Studies indicate that UIM individuals have lower GPA and MCAT scores [8,9]. Since GPA and MCAT scores are used to screen applicants for interviewing, overreliance on academic performance measures alone fails to capture noncognitive characteristics important for physicians [7]. Also, a meta-analysis reported the MCAT had minimal predictive value on future academic performance [10]. Structural racism and disparate educational opportunity play a role in MCAT performance of underrepresented applicants [11]. Consequently, overreliance on GPA and MCAT has the potential to lead to continued bias in admissions decisions.

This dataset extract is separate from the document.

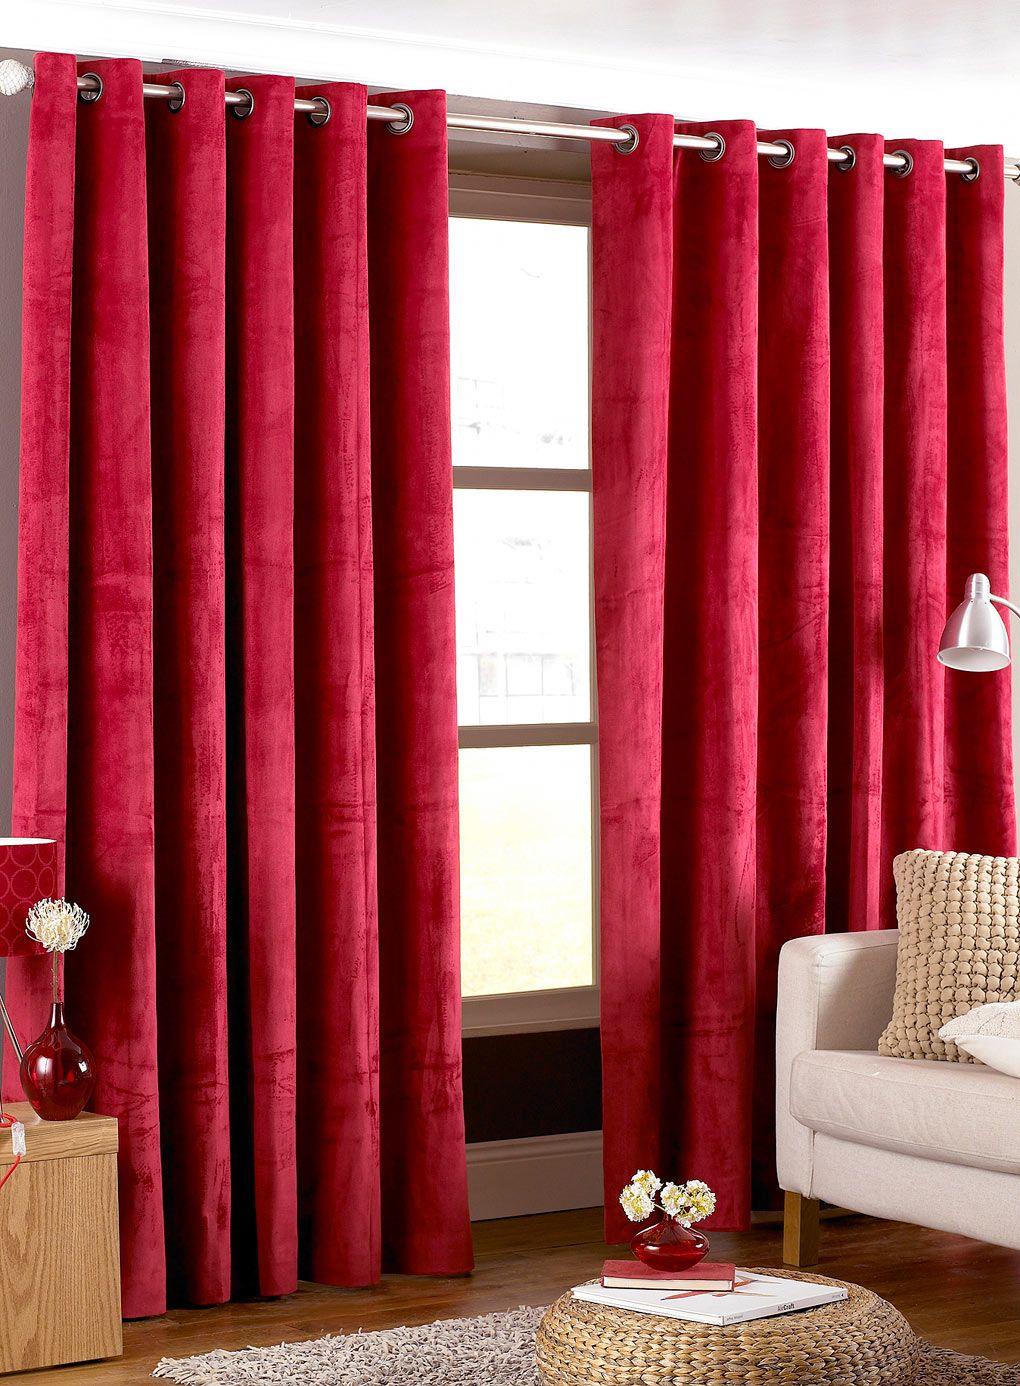 20 Hottest Curtain Design Ideas For 2020 Pouted Com Curtains Living Room Red Curtains Living Room Curtain Designs #red #and #grey #curtains #for #living #room

Medical schools report balancing individual experience and attributes in conjunction with traditional metrics [12–14]. However, GPA and MCAT scores are heavily weighted in this screening process. Situational judgment tests add an alternative metric, assessing decision-making on predetermined scenarios [15]. Respondents judge the appropriateness of response choices by stating what they should or would do. Situational judgment tests in business demonstrated job performance predictive validity [16]. These tests have been used in hiring decisions and only recently have been used for medical school admissions [17].
The Computer-based Assessment for Sampling Personal Characteristics (CASPer) is a 12-section, online video-stem based situational judgment test of non-academic competencies. The test is structured to provide a scenario covering topics such as collaboration, communication, empathy, equity, ethics, motivation, problem solving, professionalism, resilience, and self-awareness. After each scenario, three follow up questions are presented that must be answered within five minutes using an open-ended response format.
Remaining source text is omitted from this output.